I thought about this the other day. When did I realize that? It didn't happen overnight. Time is slipping away, though. It seems like just yesterday, l graduated college, found a job, and lived on my own for about 10 years. The first few years out; I lived at home with my parents and respected their rules. I was a responsible journalist and got praised for my professionalism. I paid my bills and took one big vacation each year usually to visit a friend fron college.
College doesn't prepare you for such this as layoffs, knowing your rights in legal matters, being fired, office politics, racism, s*xism, or the glass ceiling. It surely doesn't prepare you for back stabbers, purchasing a home, overdue bills and being past due on your mortage agreement, gossip monigers, credit card debt and your credit history, having your car repossesed, identity theft, reading the fine print in any business venture you enter, and people or co-workers who steal your ideals or deflate your dreams. Let alone friends who change their so-called support or allegiance to you. Boy, could I go on. When you are an adult, you have to grow up fast.
Now that I was working, my mom guided me with some money matters. My mom is a saver and so am I. If it isn't on sale or the clearance rack: I won't buy it.
I still put pennies and loose change in piggy banks. I have tried to teach my children the same. Most believe that "found" money should be spent...not me.
I put that money in my rainy day account. I have also taught my kids that sometimes you have to do without in life. Believe me, you'll live. It's a temporary situation.

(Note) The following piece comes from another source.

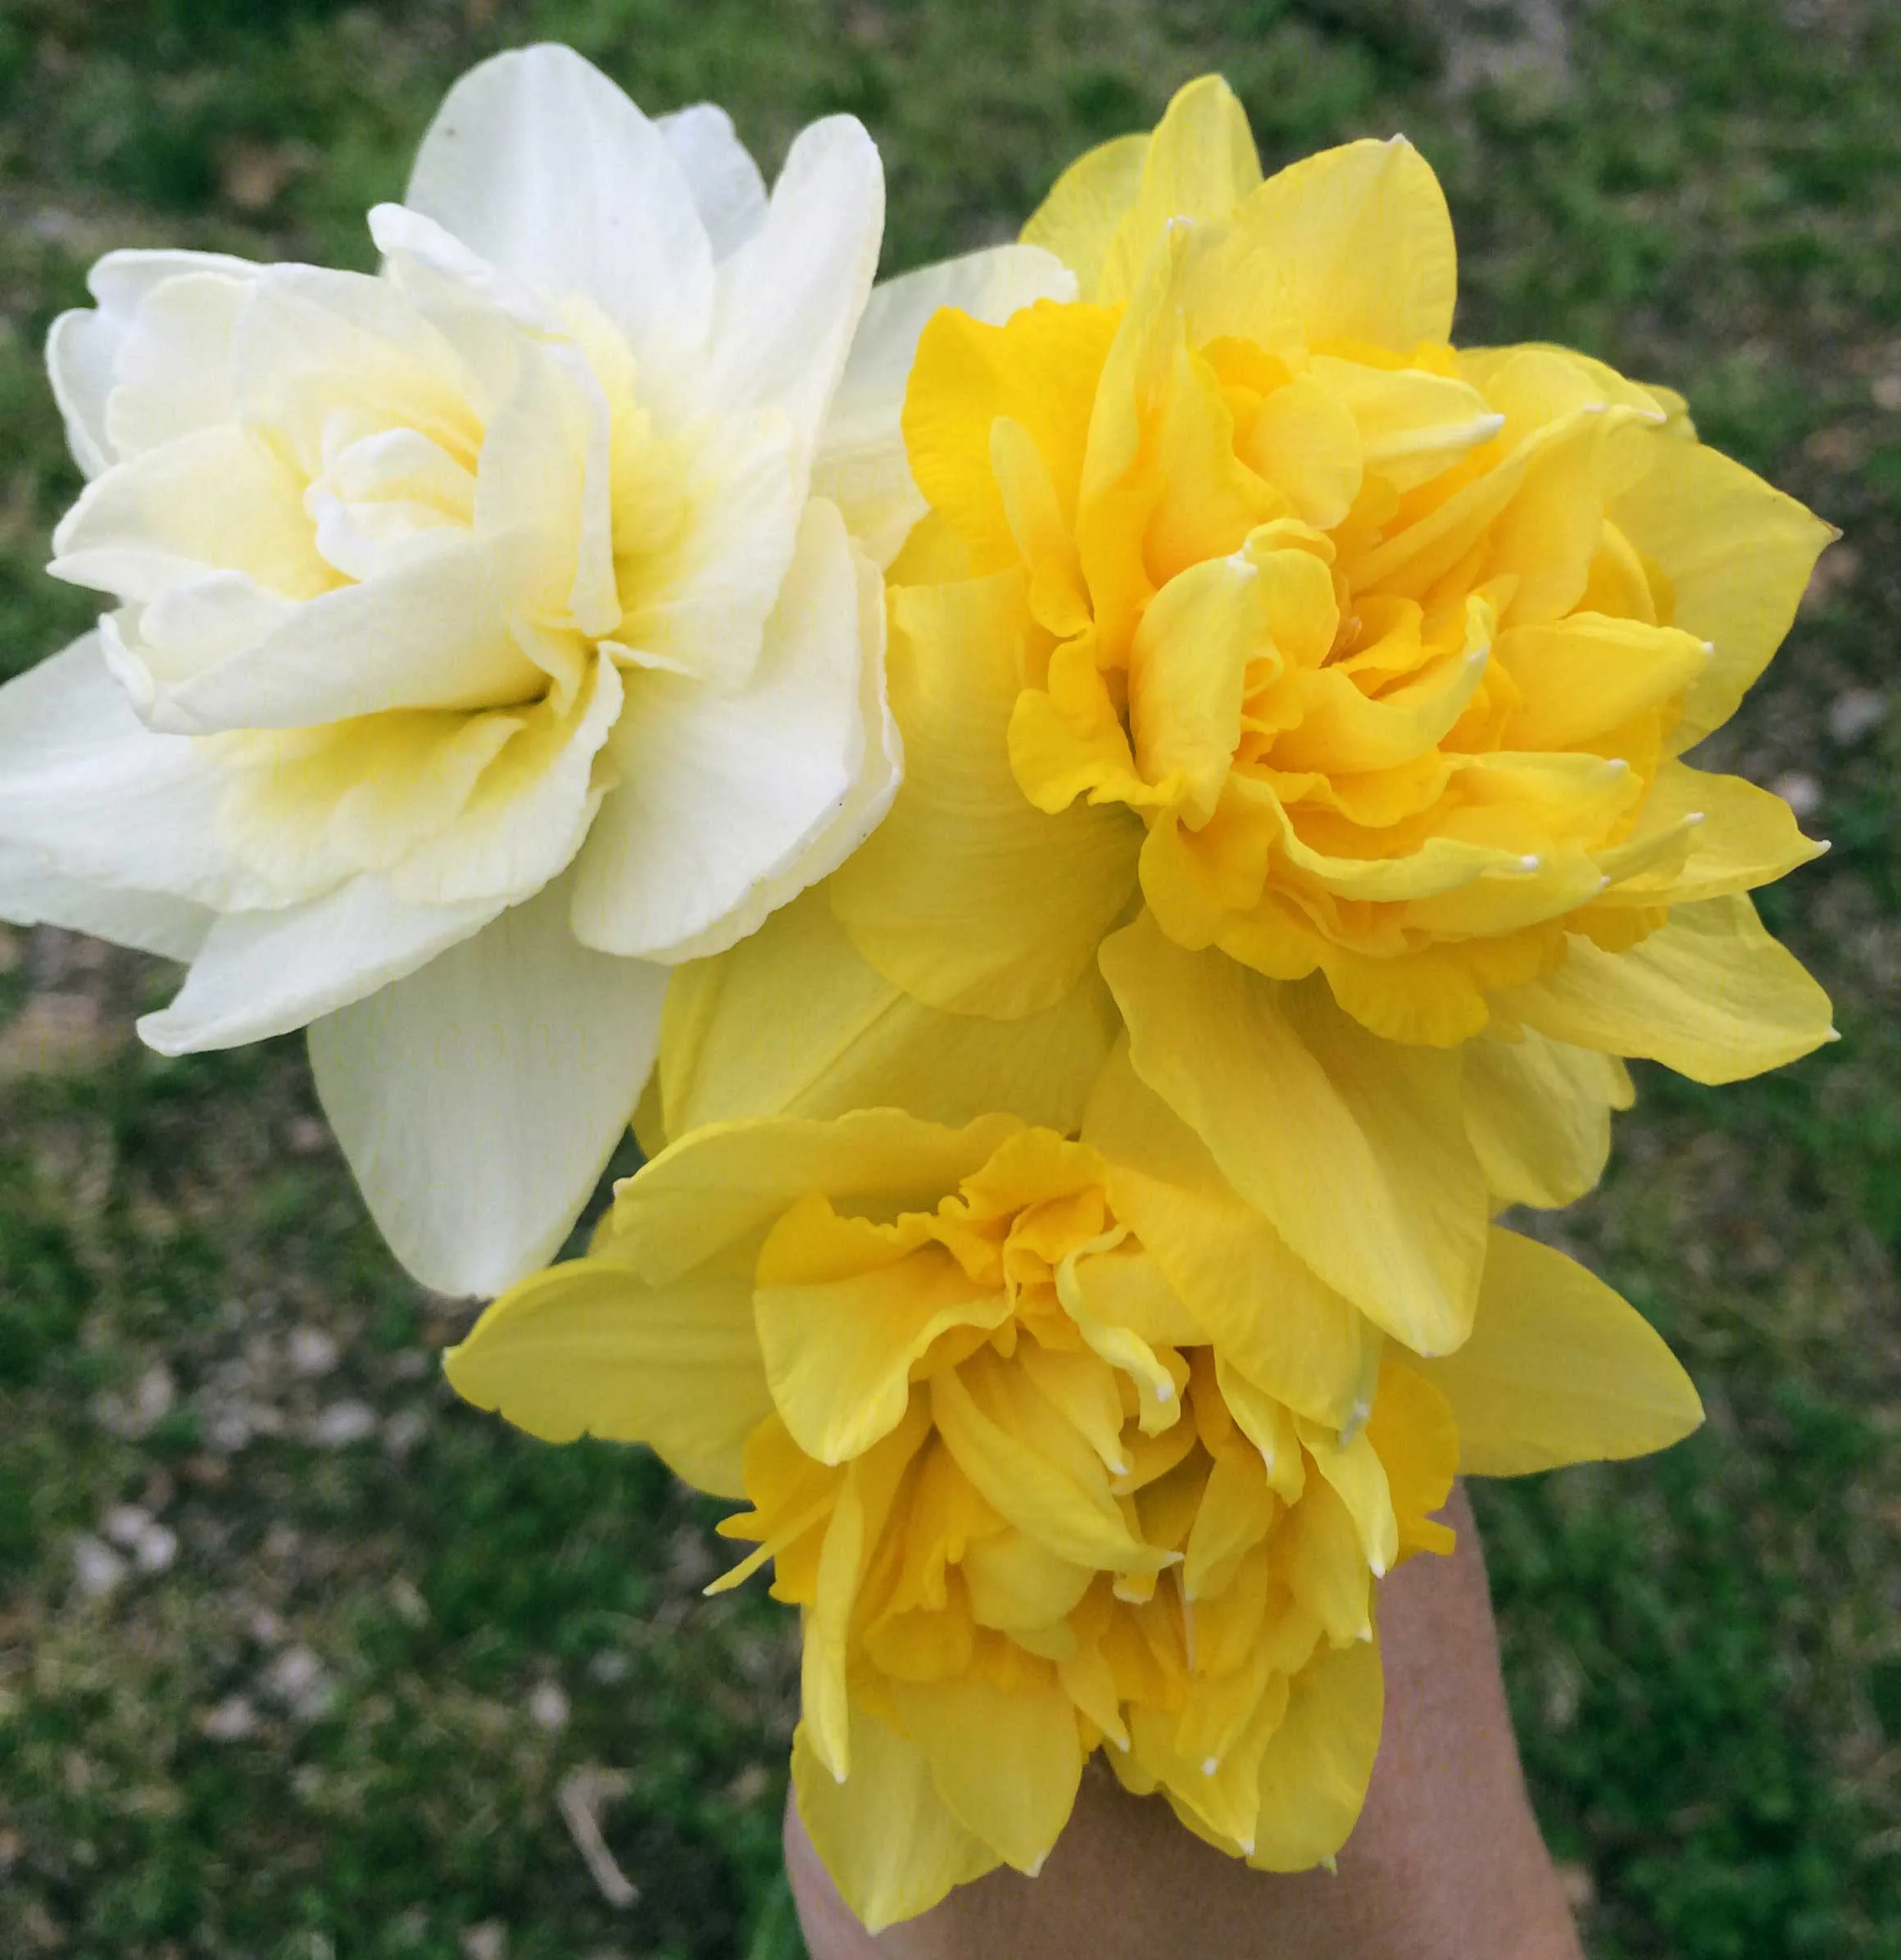 Double Daffodils; Rose of May (white) and Dick Wilden (yellow) varieties. 
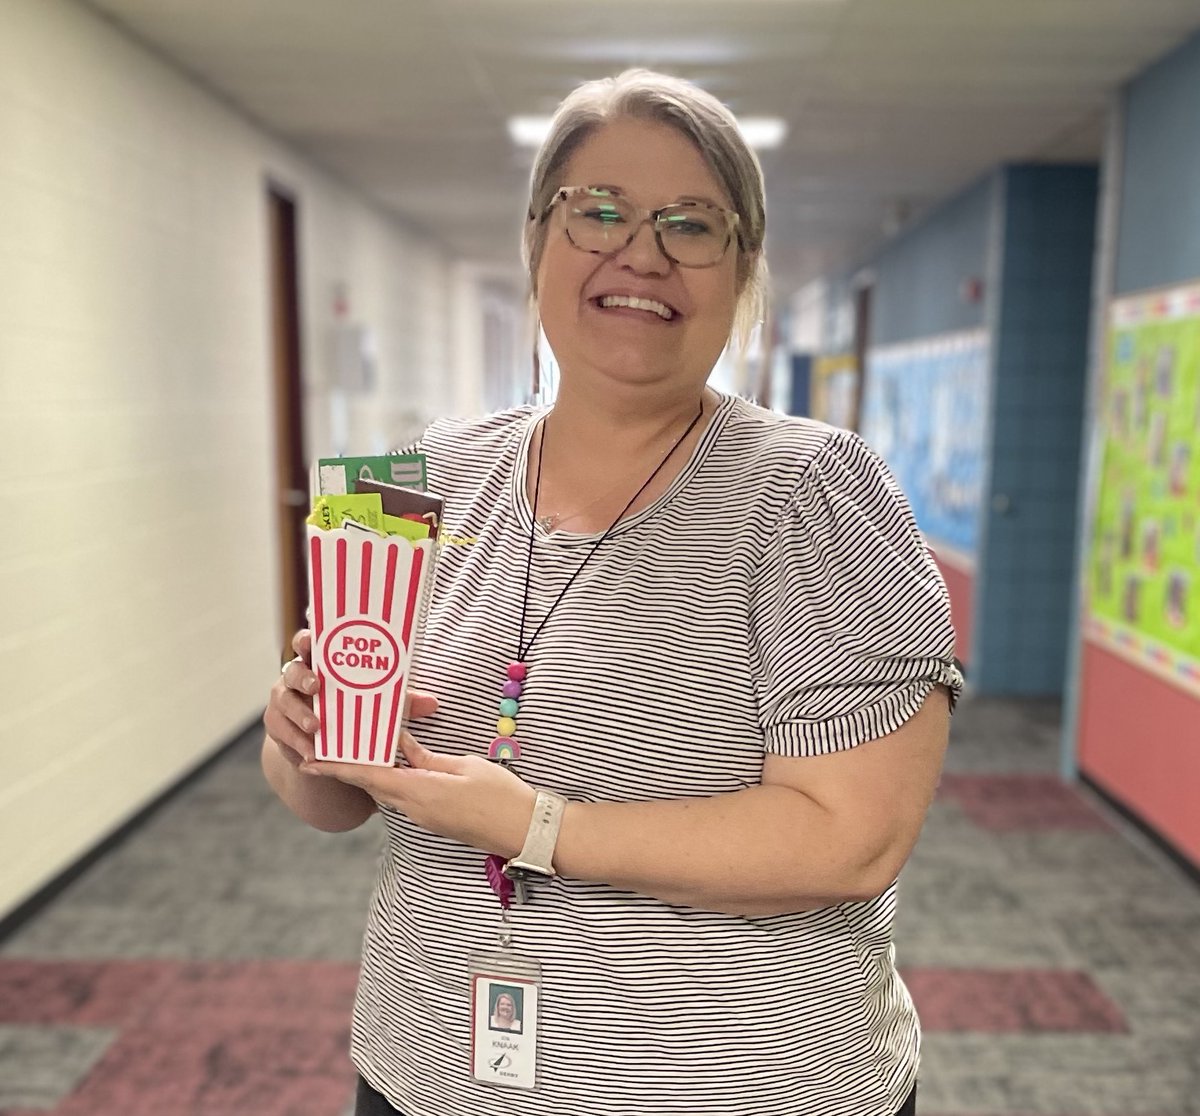 Thank you Derby Plaza Theaters for donating movie passes to help appreciate a few dedicated educators! Laura McFarren @DNMSFalcons, Gary Meitler @DHS_Panthers, & Jen Knaak from Derby Parents As Teachers were recognized for sharing good news & positive activities. #DerbyProud

The day, I became a "mom" is when I considered myself a true grown-up. I realized what my mother had to go through to raise me and my sister. I now had to cater to the needs of someone who didn't ask to be born. What I did or didn't do would impact her future. I took care of myself better because she depended on me. I stopped going out for a while. Hitting the club lost its appeal and I even stopped writing for a few years because covering events was a problem.
Even though I don't look or act my age, it's nice looking back at my past. I have learned a lot of lessons. Some of them were painful; some of them helped me grow. They also helped make me the woman that I am today. For that, I am thankful.